── Material shown
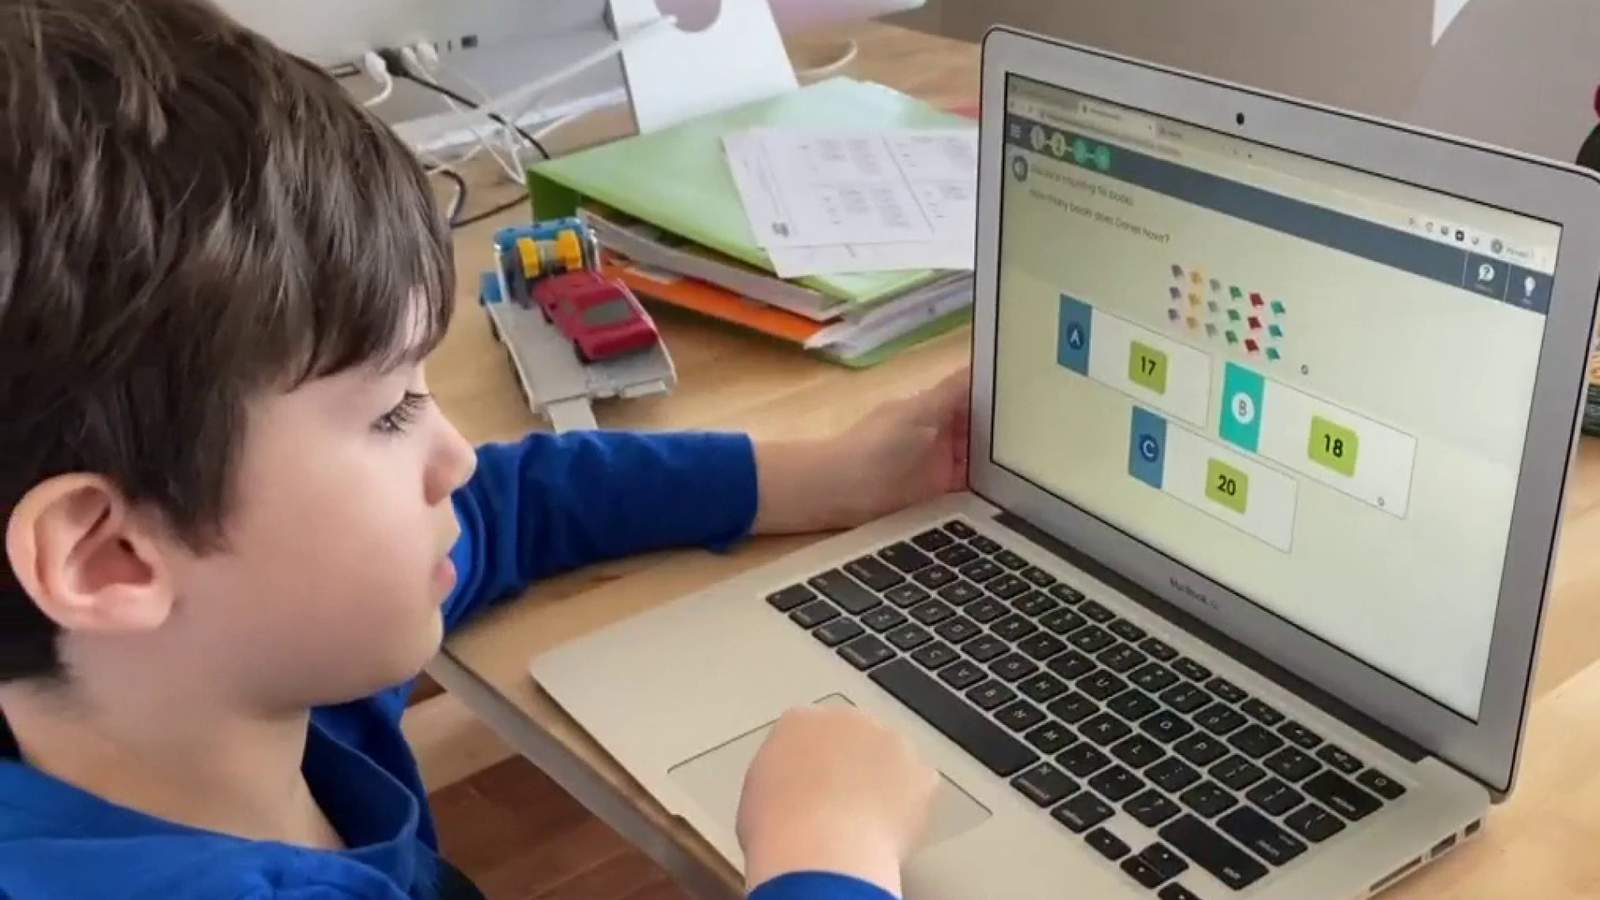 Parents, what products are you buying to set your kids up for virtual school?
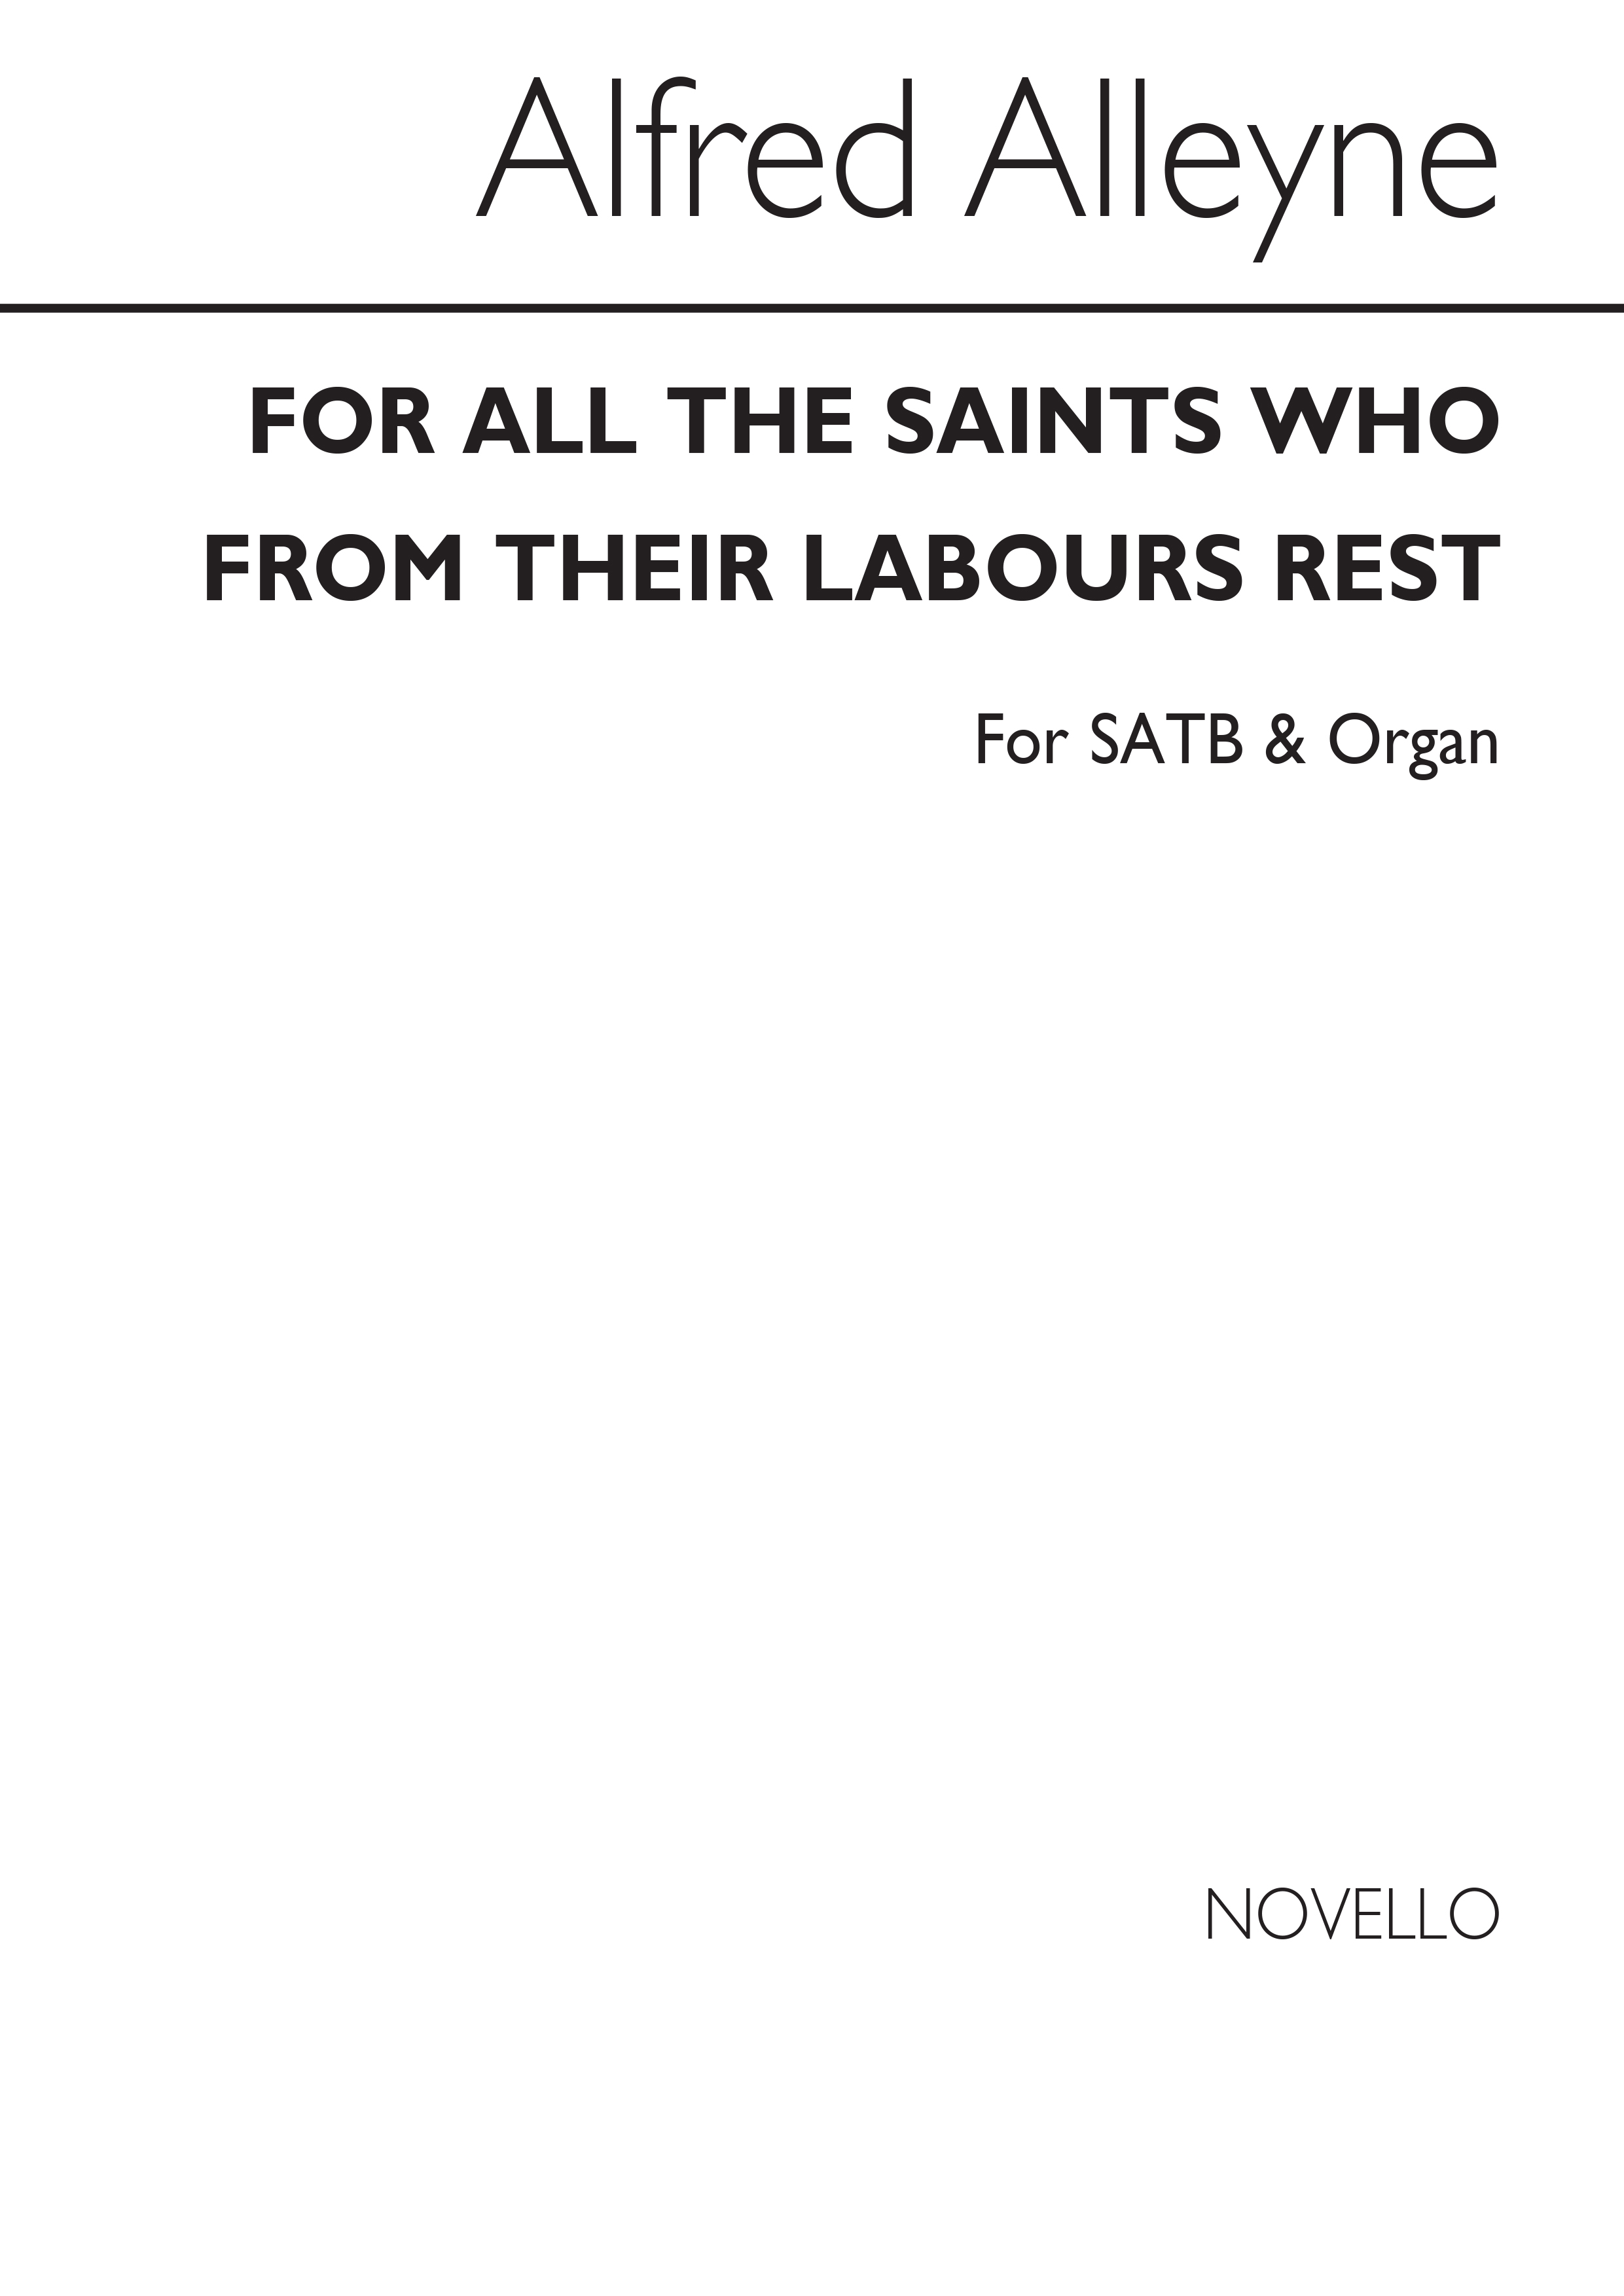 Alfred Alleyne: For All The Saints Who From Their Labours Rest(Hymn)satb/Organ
────
── Material shown
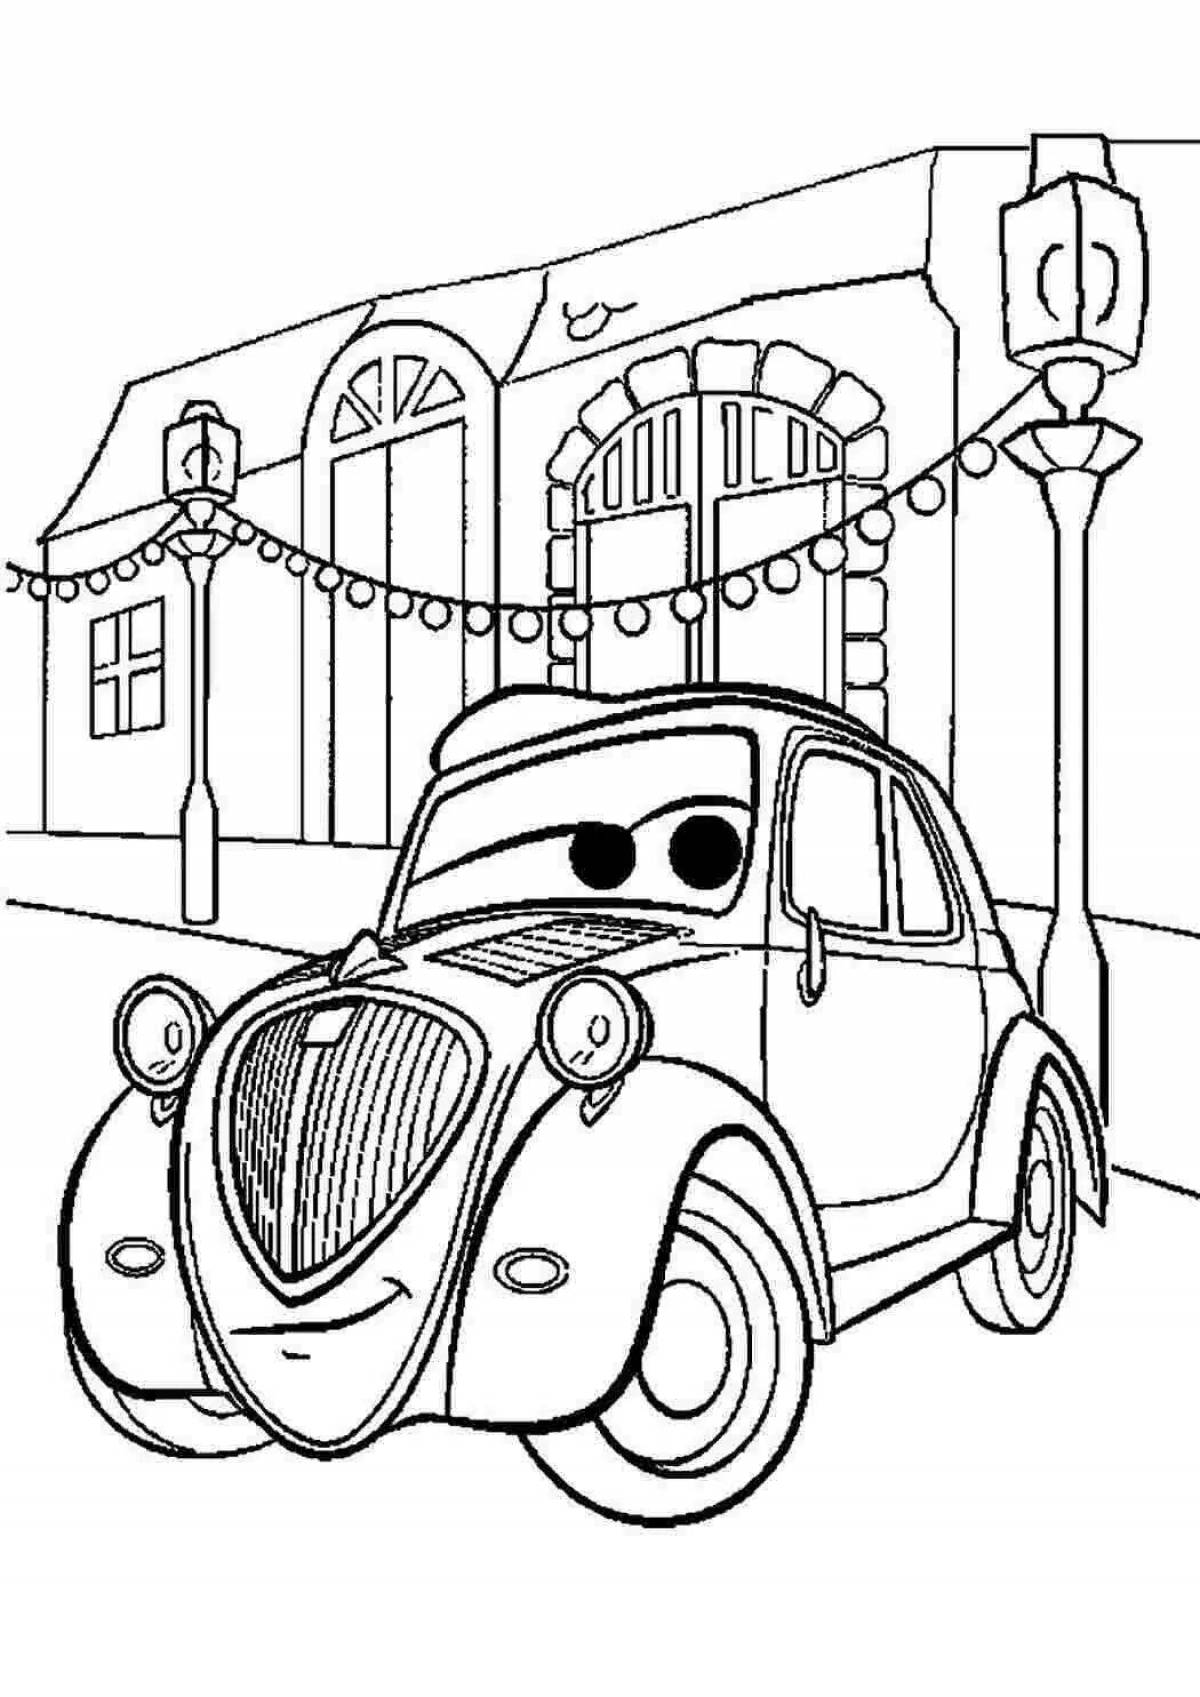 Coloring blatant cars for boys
────
── Material shown
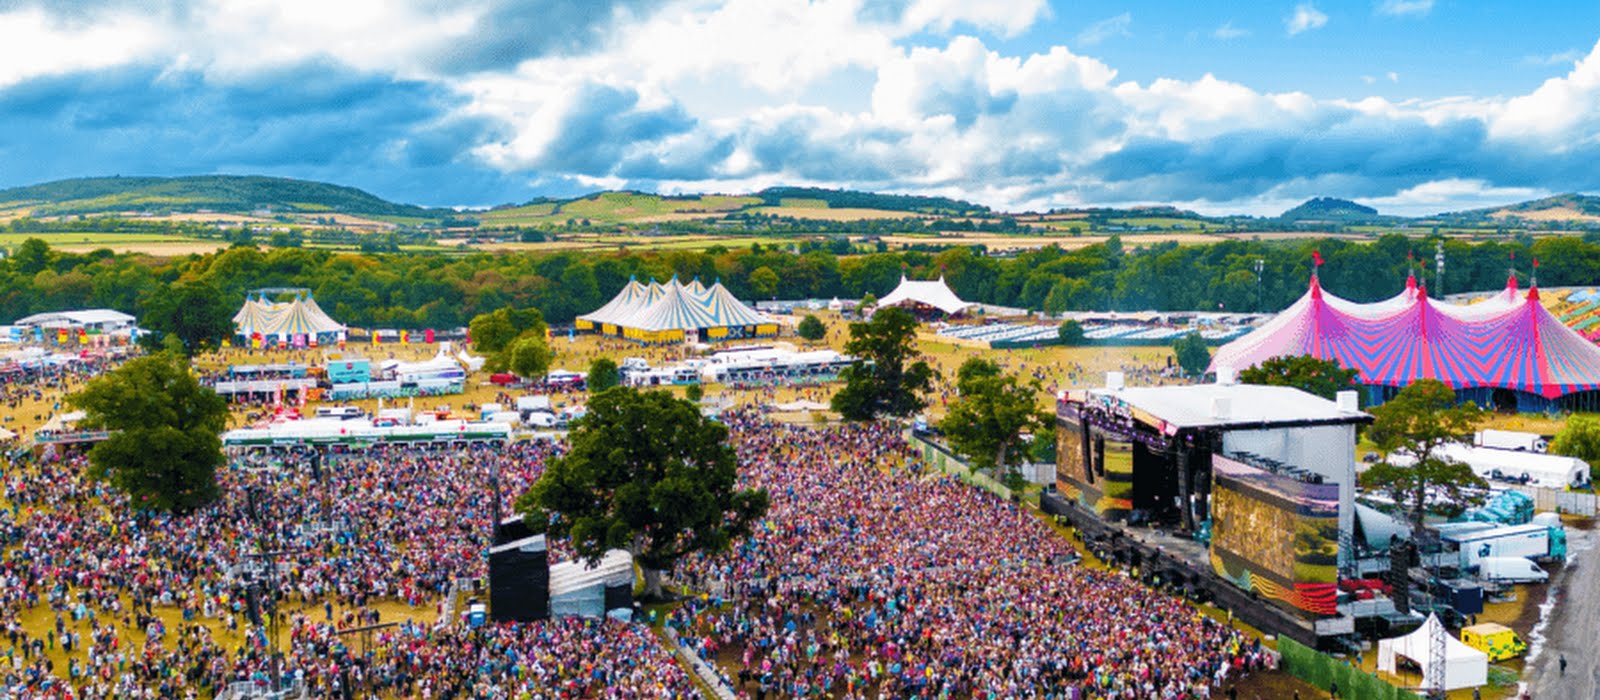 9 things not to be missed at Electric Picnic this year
────
:: Exercise instructions ::
Nothing outside the stretch above, from the line with "Parents, what products" through the line with "Alfred Alleyne: For", is set down. Transcribe that stretch exactly, ends included, but not its pictures.

:: Output for this exercise ::
 Parents, what products are you buying to set your kids up for virtual school?
 Alfred Alleyne: For All The Saints Who From Their Labours Rest(Hymn)satb/Organ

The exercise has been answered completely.